# claim child tax credit while husband on spouse visa



## sophie_ (Jul 8, 2013)

Hi there,

My husband has obtained a spouse visa under the new rule. we applied based on savings of which some was saved up over the years, some was helped out by parents.

we have a two year old daughter. The plan is for me to get a job while my husband stays at home looking after our daughter as his English is not up to standard. But I have just found out that I am pregnant which means it will be difficult for me to get a job for at least a year.

My question is, can we claim child tax credit? will this affect my husband's extension of spouse visa in 2 and half years time?

Thanks again for your kind help.


----------



## Joppa (Sep 7, 2009)

Yes, you can claim CTC. Just make sure you tick the box about your partner being subject to immigration control.
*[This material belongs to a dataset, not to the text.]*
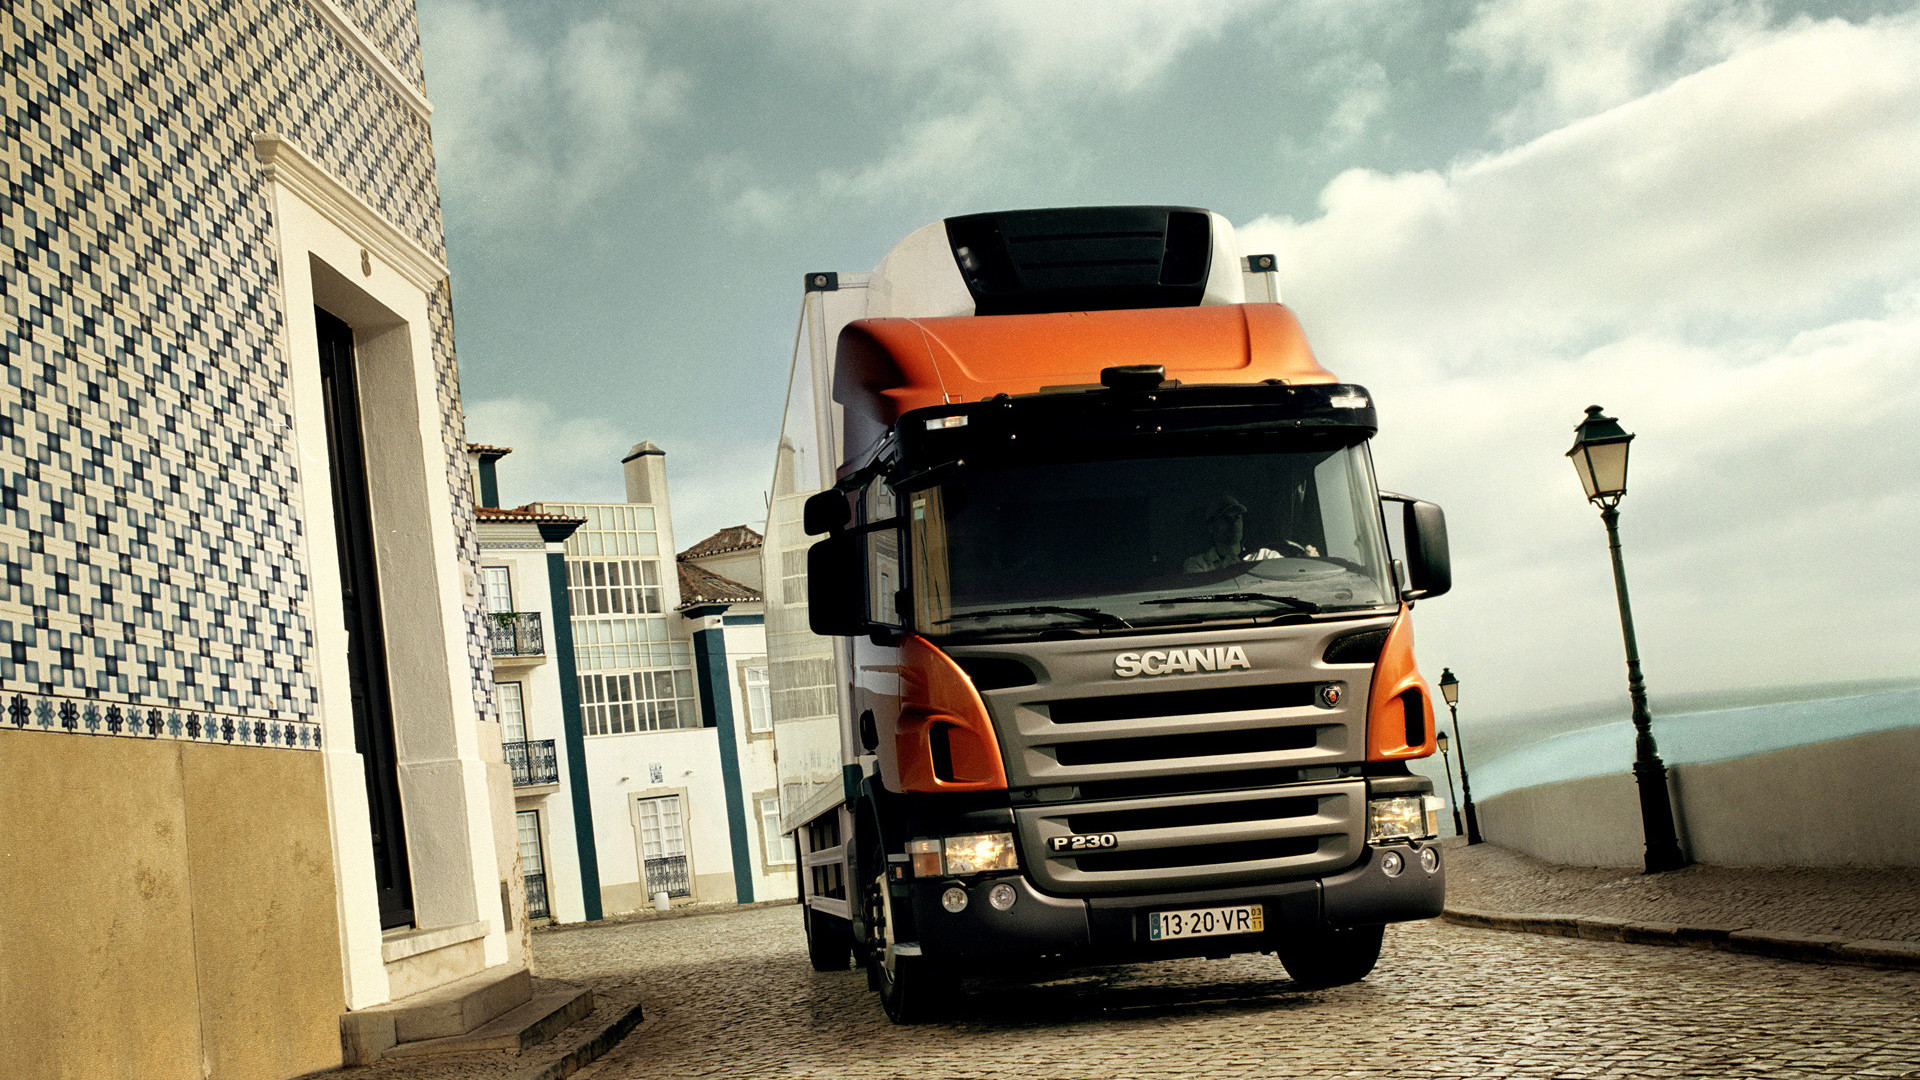 1920x1080 Orange Scania Truck Wallpaper 13974

You both will then be regarded as not subject to immigration control but this is fine with UKBA and you can safely receive the tax credit awarded.


----------



## mehemlynn (Nov 16, 2011)

Joppa, the online form doesn't ask about a spouse in immigration control; do we need to note it even if it isn't asked.


----------



## sophie_ (Jul 8, 2013)

*Thanks for your reassurance*

very much appreicated. thanks


Joppa said:


> Yes, you can claim CTC. Just make sure you tick the box about your partner being subject to immigration control. You both will then be regarded as not subject to immigration control but this is fine with UKBA and you can safely receive the tax credit awarded.


----------



## Joppa (Sep 7, 2009)

You have to complete paper form to claim CTC and there is a box to tick right at the start.


----------



## mehemlynn (Nov 16, 2011)

That's correct on the PDF fill out by hand form, but the fill out online, print and send only asks about the claimant's status, not the spouse's.

M


----------



## Guest (Feb 4, 2014)

Wasnt aware their was a fill online and print any more. I thought it was withdrawn a few years ago due to fraud, you had to phone and prove identity and presence to get a form.
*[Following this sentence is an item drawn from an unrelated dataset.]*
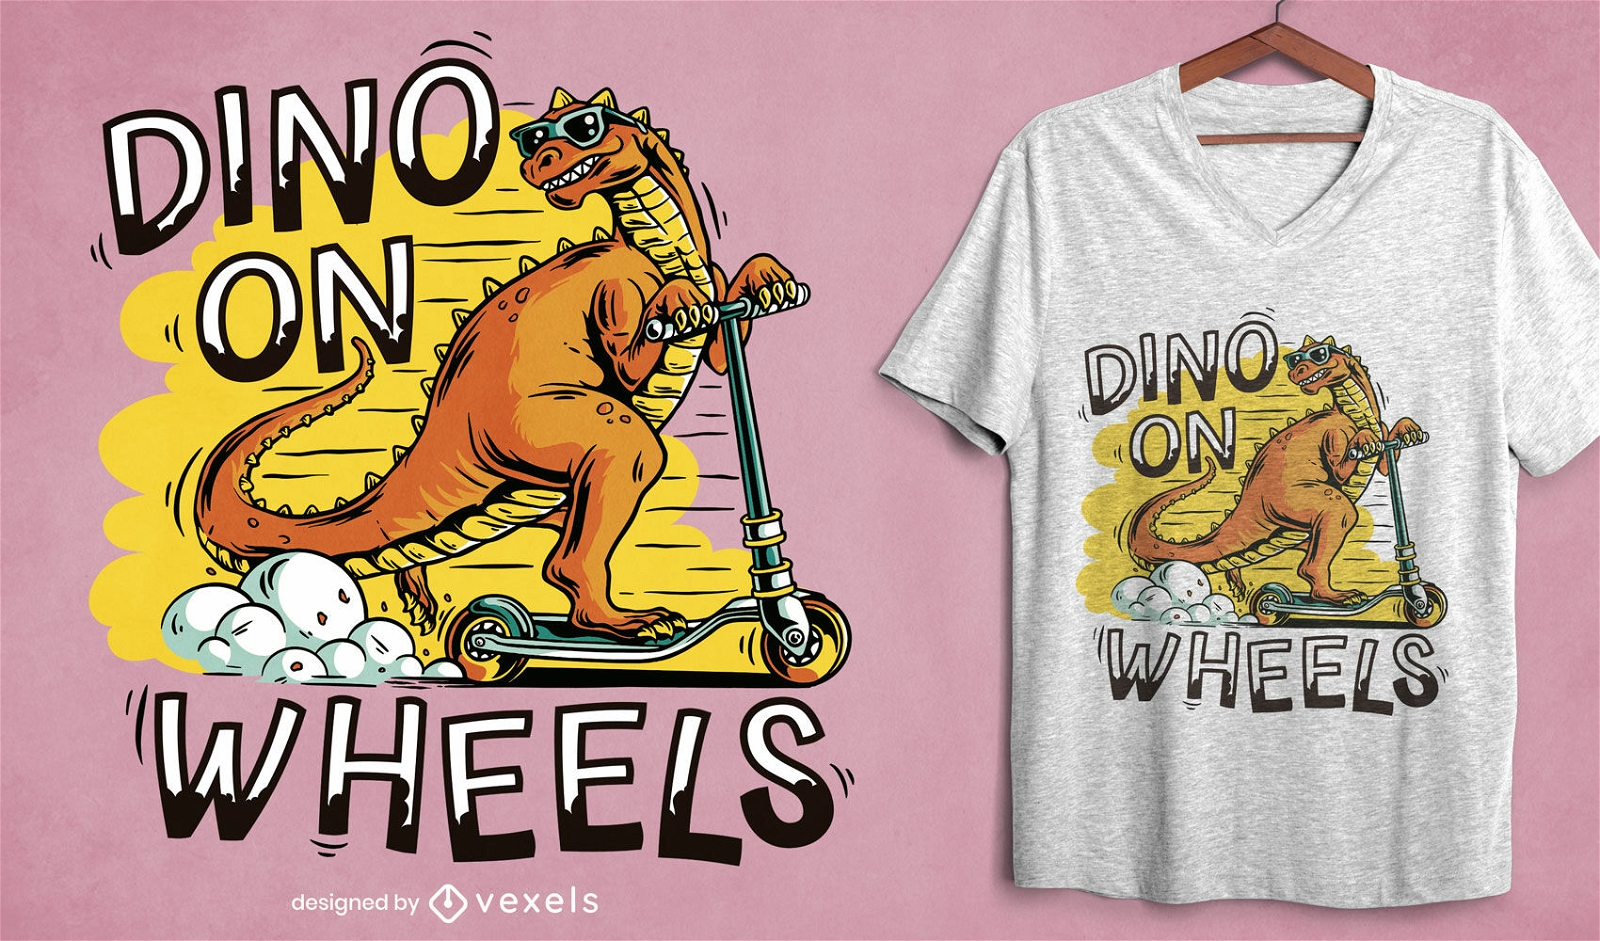 Cool dinosaur on wheels t-shirt design

http://www.hmrc.gov.uk/taxcredits/start/claiming/get-started/how-to-claim.htm
_
How to claim
To claim tax credits you have to fill in a claim form. You can only get a tax credits claim pack from the Tax Credit Helpline.* You can't download a claim form, or make your claim online.*_

Are you filling out child benefit online? Different benefit.


----------



## Joppa (Sep 7, 2009)

That's my experience too with tax credits (a couple of years ago, mind). So no online form, but paper form with box to tick.


----------